The city gave generous property tax breaks to big business. These include subsidies, tax incentives, and/or deferrals for costly environmental clean-ups, such as for empty industrial lands (‘brown-field remediation’), as well as tax incremental equivalent grants (TIEGs), which involve rebates and minimal property taxes for major commercial developers. Such tax give-aways cost the city billions of dollars in lost revenue. Meanwhile small homeowners and tenants face steeply rising taxes, rents, and fees—and public services continue to deteriorate.

 

The Toronto Board of Trade lobbies the city to contract-out more city services and work, and to privatize capital assets like Toronto Hydro, Enwave and the Toronto Parking Authority (worth over $60 billion). But private services end up costing consumers more, and a one-time cash injection from an asset sale doesn’t solve an ongoing under-funding crisis.

 

So the city turned to cutting its wage bill. It imposed an annual zero, 1, and 1 per cent raise on its non-union staff, and sought to limit unionized municipal workers to a similar increase, and to curtail their benefits to boot. City councillors take home over $99,000 a year. They gave themselves a 2.4 per cent raise, and negotiated (or approved arbitrated) yearly increases of 3 per cent for police, firefighters, public housing, port, and parking authority workers.

 

Did David Miller target CUPE members to win brownie points with the provincial Liberals? Perhaps he has an eye on an Ontario cabinet position. Or perhaps this is just an inescapable consequence of his alliance with, and dependence upon, large corporate and financial interests.

 

Regardless, Miller’s ‘progressive coalition’ of New Democrats and Liberals is following in the footsteps of ‘third way’ governments led by Tony Blair, Bill Clinton, and Bob Rae. It tries to make workers pay for the crises of capitalism that we did not cause. Moreover, Toronto city bosses are taking advantage of the current economic depression to weaken unions and further lower the standard of living of all working people.

 

Miller’s Liberal-NDP coalition was backed by the Toronto and District Labour Council at the 2007 municipal election.

 

This is what you get when Labour subordinates its organization and interests to a capitalist coalition. While the NDP has committed many crimes when it held the reigns of government on its own, the party can be held accountable by its Labour and popular base when the latter are organized to fight for a Workers’ Agenda. The Liberal Party, on the other hand, is accountable only to Bay Street.

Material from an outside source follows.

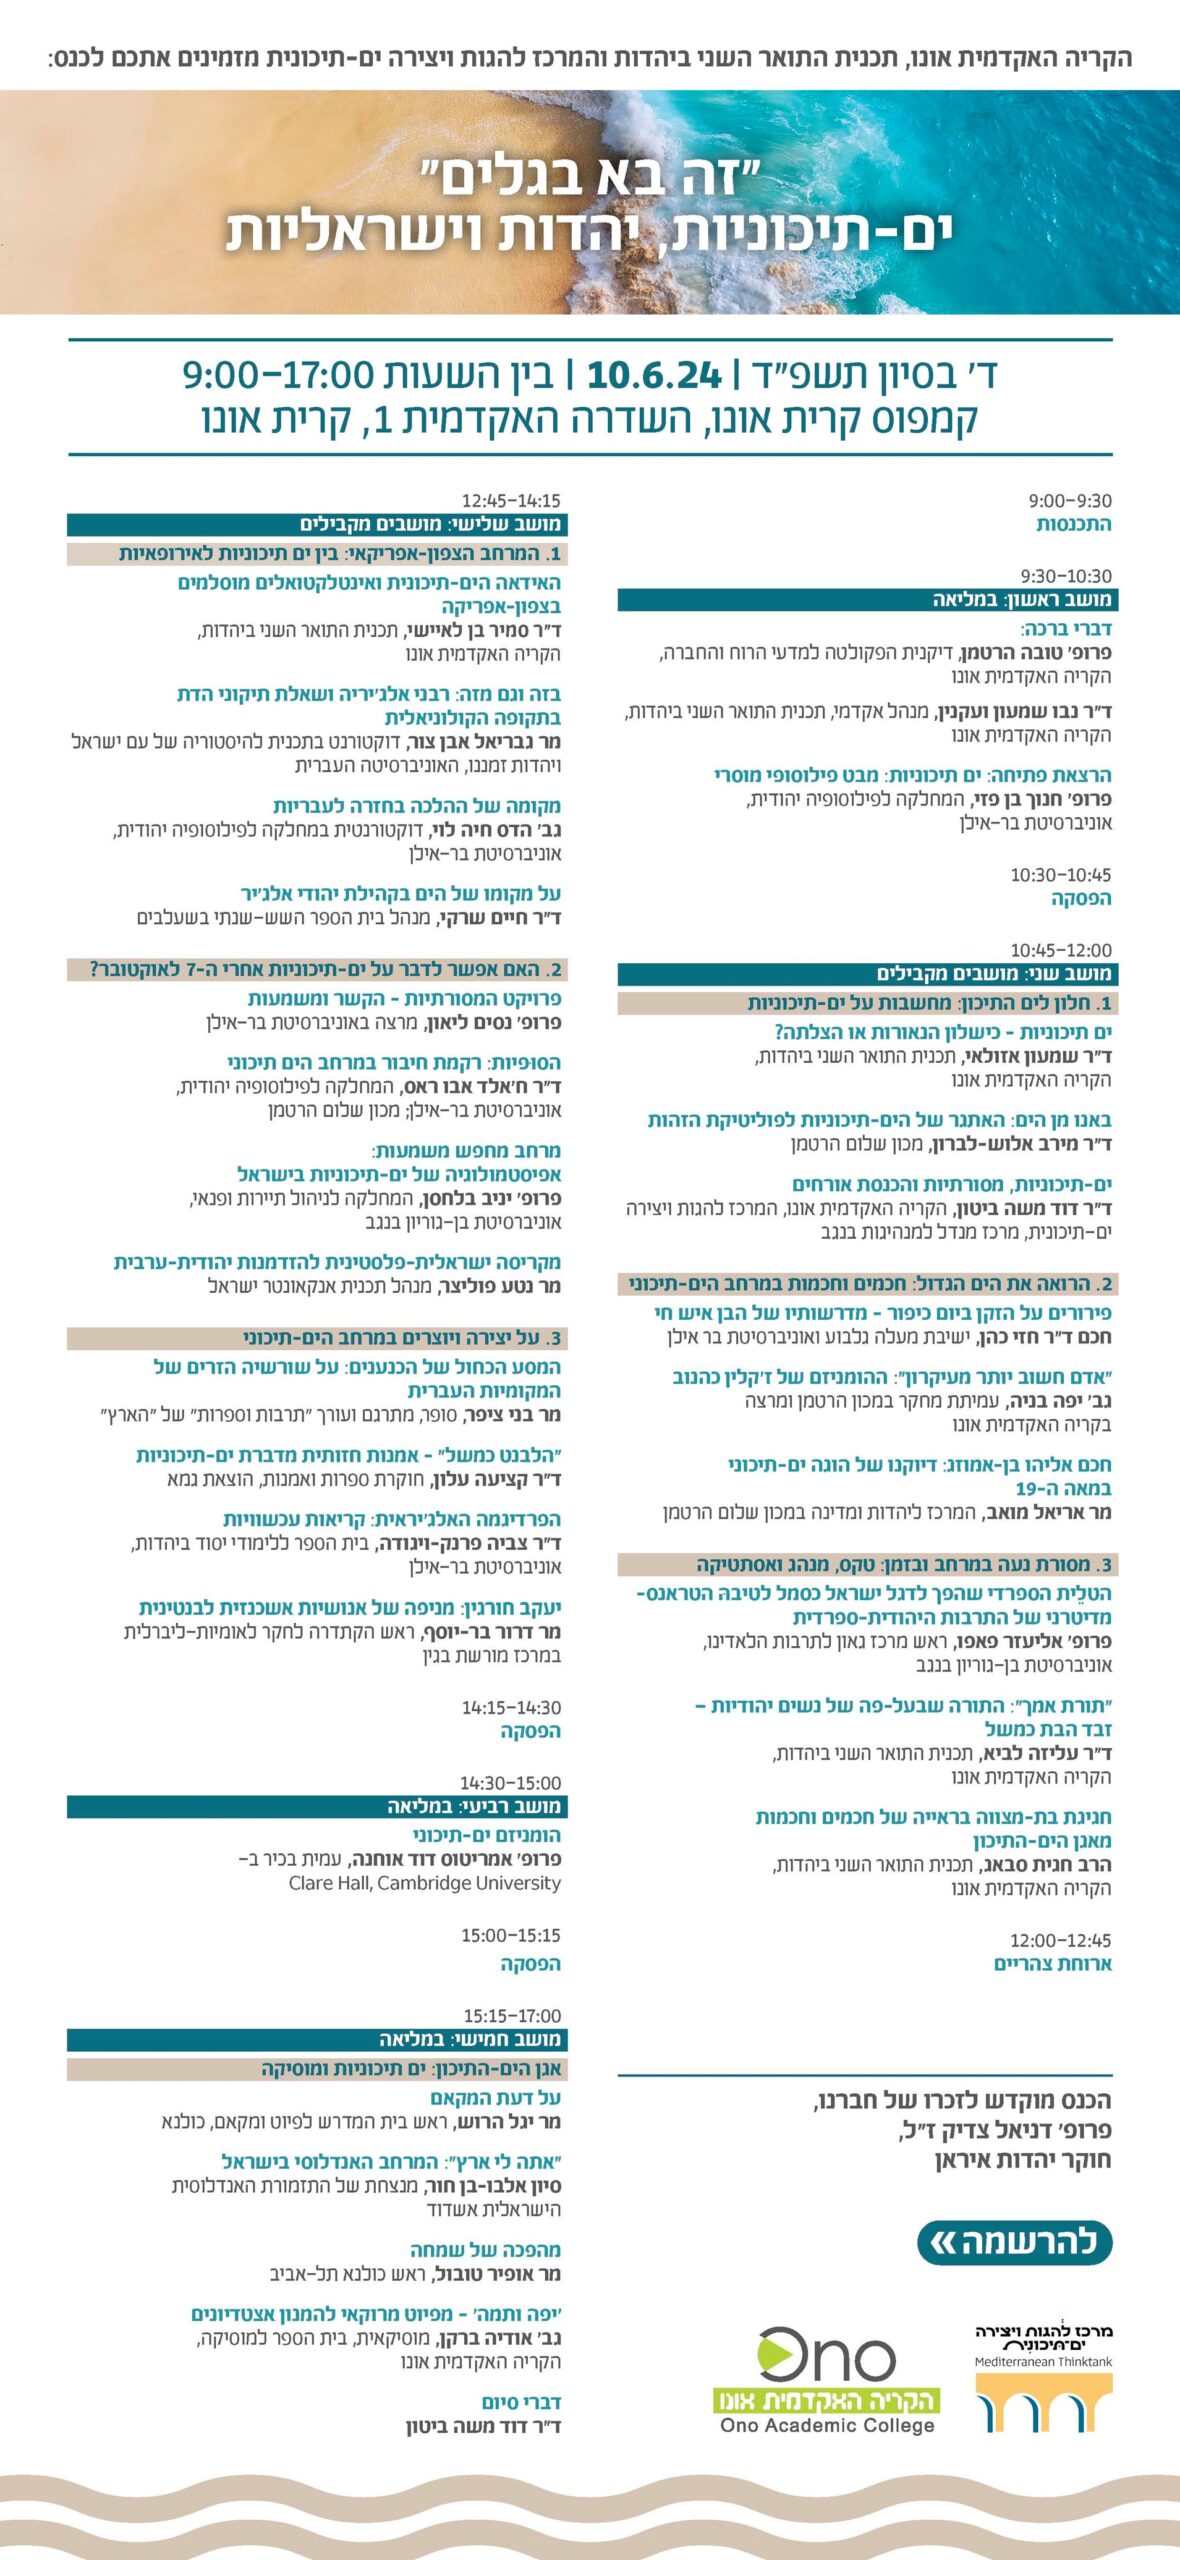 Mediterranean Conference Schedule
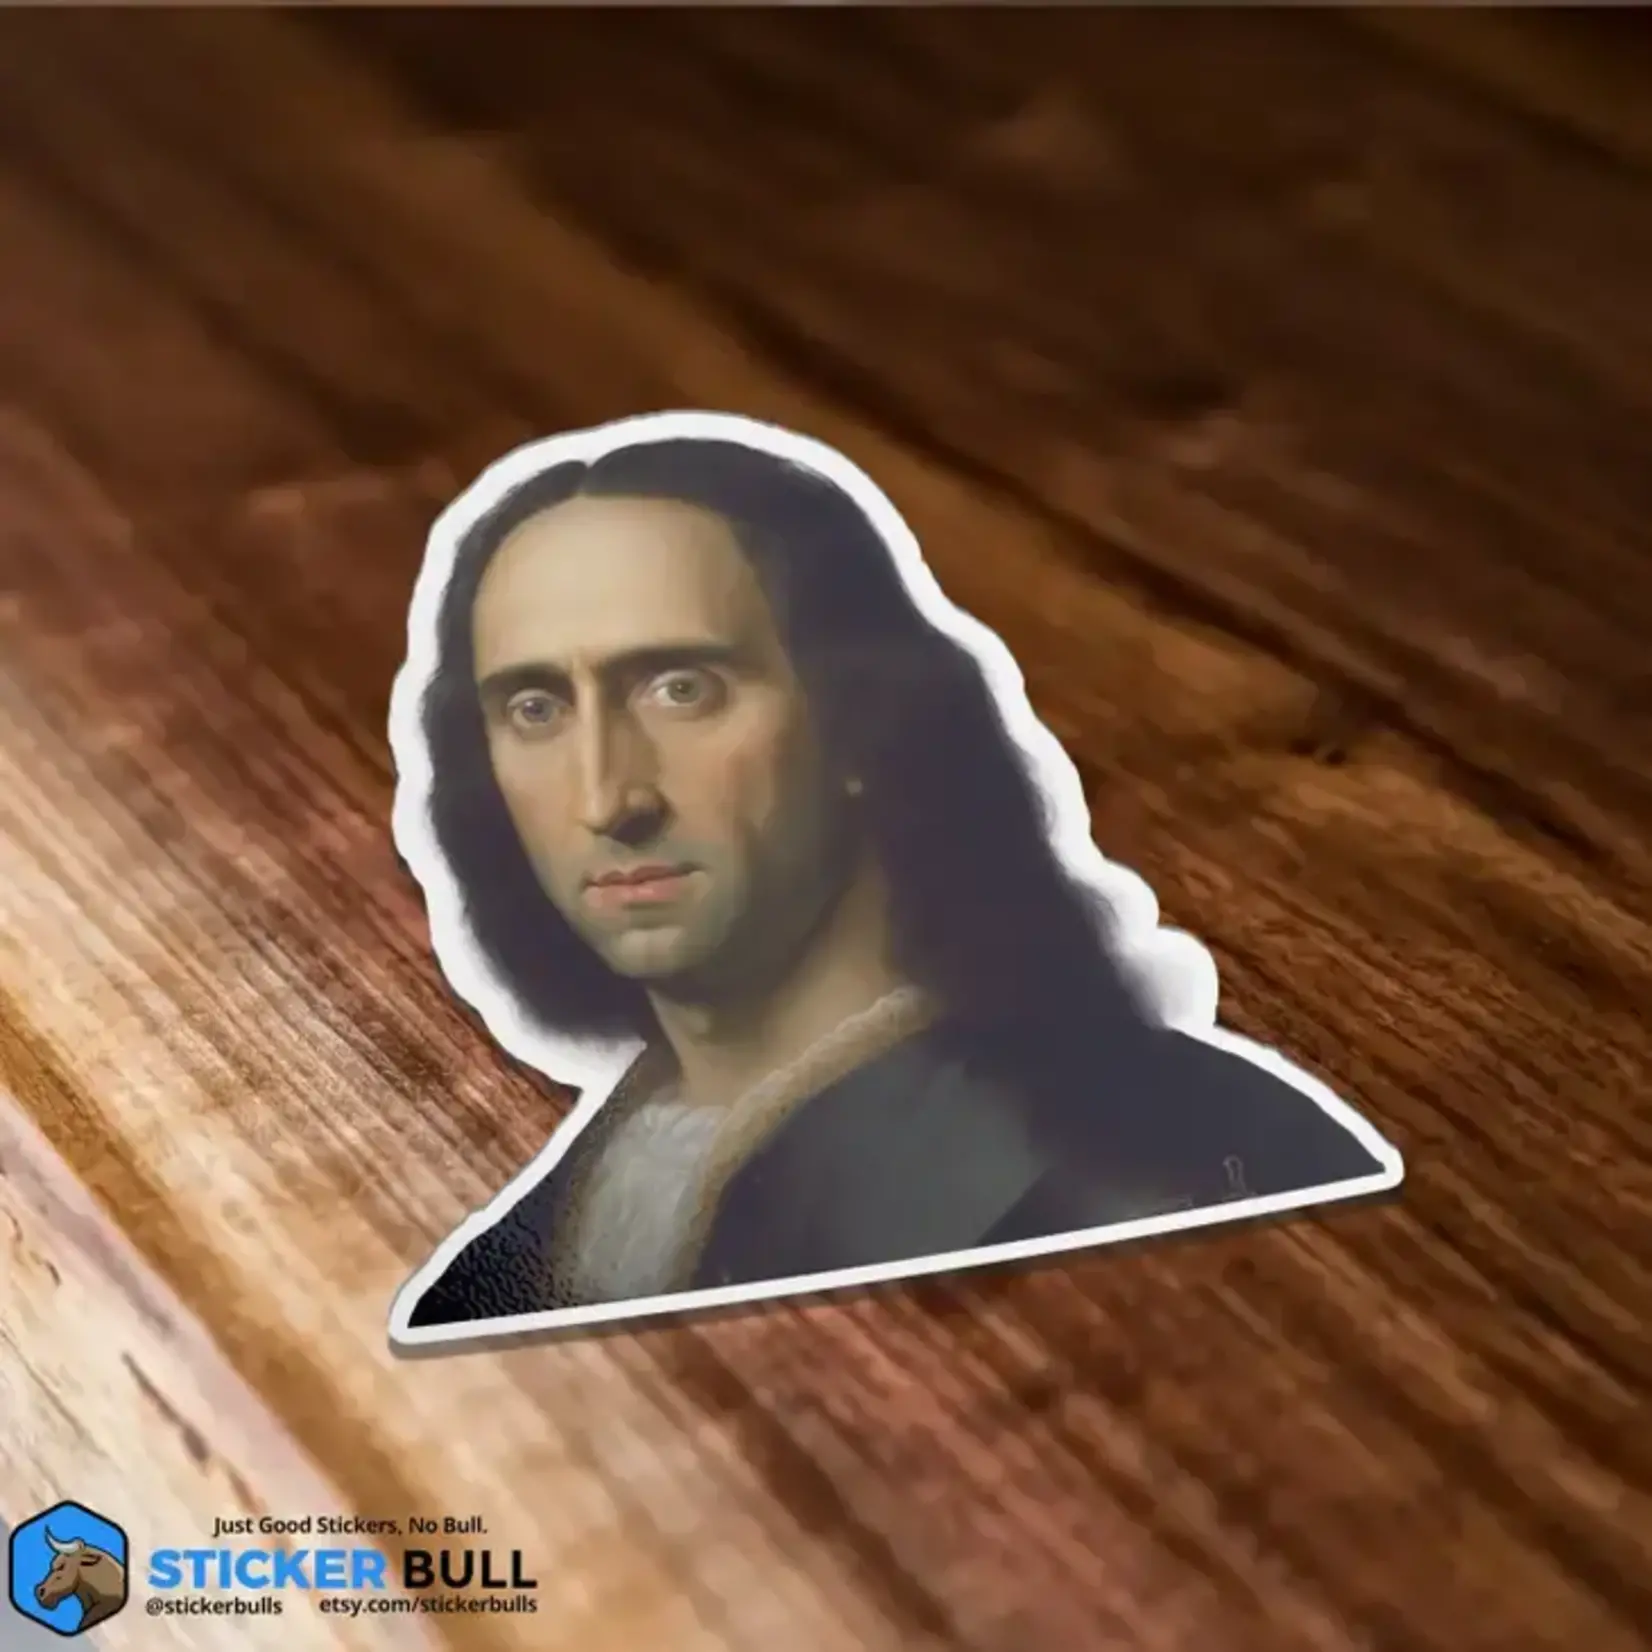 Sticker Bull Mona Lisa Nicolas Cage "Mona Cage" Meme Sticker

For that reason it is crucial that working people break the NDP councillors from the Miller regime at Toronto City Hall, oppose an NDP alliance with any capitalist party, and fight for NDP governments committed to socialist policies at all levels. That is the perspective needed, combined with mass action, including sympathy strikes, in support of workers resisting concessions. That’s how to defend Labour’s gains and to make Capital pay for the crisis it created.

 

Mixed Gains in Canada’s Summer of the Strike

 

Across Canada, resistance to the employers’ agenda is visible in a growing number of disputes. Most are strikes against concessions demanded by bosses trying to take advantage of the global economic crisis. An exception was the two-day strike by 340 Via rail engineers that stopped passenger train service across Canada, July 24-26. The dispute is now going to binding arbitration by agreement of the parties.

 

About 3600 employees of Vale Inco, most of them at the company’s flagship Sudbury nickel mines, walked off the job on July 13. According to United Steelworkers director Wayne Fraser, Vale Inco wants the elimination of bonuses to workers when the price of nickel is high, plus the imposition of an inferior pension plan for newly hired workers (with defined contributions, instead of defined benefits).

 

It is a battle over future profits for the Brazilian iron-ore giant Vale do Rio Doce, which bought Inco in 2006 for $19.4 billion. Nickel soared above $24 (U.S.) a pound in mid-2007, fell to $5 (U.S.) pound in late 2008, but is rising again, reaching $6.68 on July 13. The USWA’s Fraser said that around $7 a pound, the company is “going to make huge money.”

 

Meanwhile, a 93 per cent strike mandate, and a vigorous public (“Our Communities Need Good Jobs”) campaign, achieved victory for 7000 Liquor Control Board of Ontario workers represented by the Ontario Public Service Employees’ Union (OPSEU) in mid-July. LCBO management proposed to take away job security (by ‘temporarily’ laying off full-time workers during slow periods) and to continue to ‘casualize’ jobs by creating a two-tier system of part-time workers with no benefits. Not only did the bosses back down, but they promised to create more full-time positions at the 610 LCBO outlets across Ontario, give benefits to part-timers, and provide the same 3 per cent annual wage increase won by Ontario Public Service workers last year.

 

But lack of struggle often produces the opposite results. Some 450 Globe and Mail newspaper employees, members of CEP Local 87-M, ratified a concessionary deal that averted a strike on July 2. The new contract imposes a two-year wage freeze, followed by increases of 2, 2.5, and 2.5 per cent through to June 2014. New employees will have to join a defined contribution retirement plan instead of the existing defined benefit pension plan. The union did stop the lengthening of the work week, restrictions on outside activities, and the weakening of job-security language.

 

So the pattern in the Summer of the Strike tends to show that it pays to fight back.

 

Human Needs, Not Profits!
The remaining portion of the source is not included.